Previous NDNR publications have highlighted these concepts, including Molecular Mimicry in Pediatric Diseases, which referenced Klebsiella as a stealth pathogen in ankylosing spondylitis, and Chronic Pain & Gut-Joint Axis, which described microbial contributions to joint disease.¹⁶⁻¹⁷ Other NDNR articles, such as Micropathology of SIBO and Functional Medicine, Allopathic Medicine, and Naturopathic Medicine, have also touched on the role of gut bacteria like Klebsiella in systemic conditions.¹⁸⁻¹⁹ This case adds to that discussion by providing a clinical example of sustained symptom resolution following targeted treatment of Klebsiella dysbiosis.
Limitations
The primary limitation is the absence of rheumatology records or imaging to independently verify the AS diagnosis. The case relies on the patient’s self-report of diagnosis, HLA B27 gene, and biologic prescription. Spontaneous remission, while rare, cannot be excluded. Generalizability is limited, as this is a single case. Controlled studies are needed to establish causality between Klebsiella reduction and AS remission.
Conclusion
This case highlights the potential role of Klebsiella dysbiosis in inflammatory presentations resembling ankylosing spondylitis and the potential for clinical remission through microbiome-directed interventions. While caution is warranted in interpreting outcomes without confirmed diagnostics, the sustained resolution of symptoms after microbiome-directed treatment underscores the importance of gut assessment in autoimmune conditions. Further research, including case series and clinical trials, is warranted.

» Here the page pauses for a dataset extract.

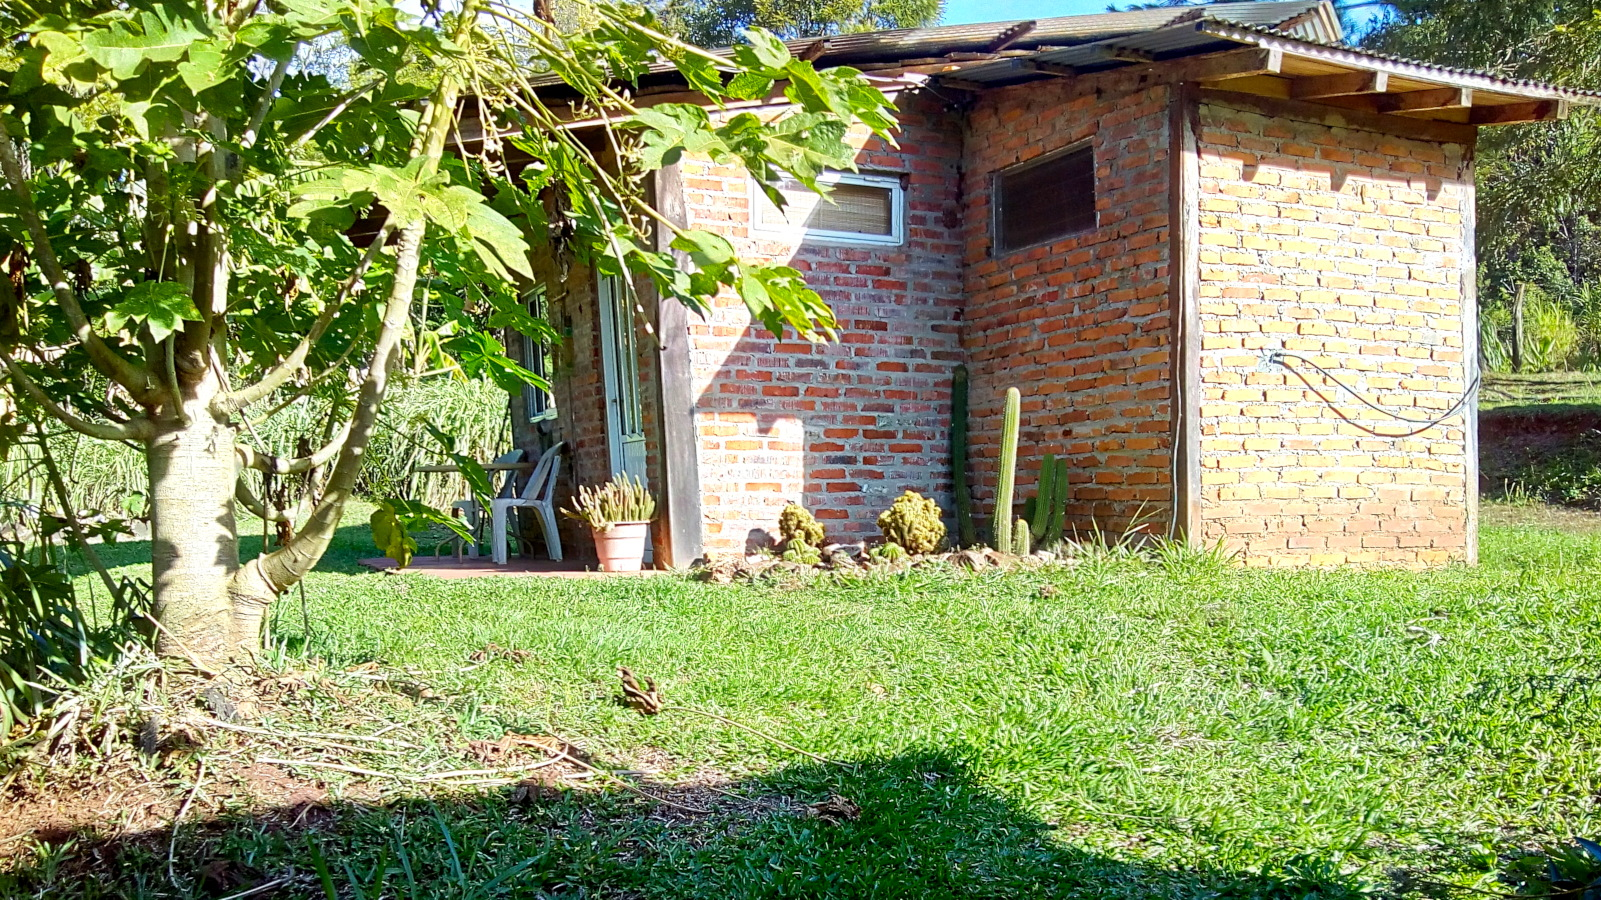 Vista exterior, plantas de mamón papaya, cabañas en El Soberbio, Misiones

Dr. Jennifer Cornell, ND, is a licensed naturopathic doctor in California with more than 25 years in health and wellness and over a decade in clinical practice. A graduate of Bastyr University, she focuses on strengthening the immune system, reducing inflammation, addressing chronic illness, and supporting long-term vitality. Dr. Cornell integrates functional lab testing, nutrition, botanicals, and parenteral medicine to support recovery, optimize health, and promote healthy aging.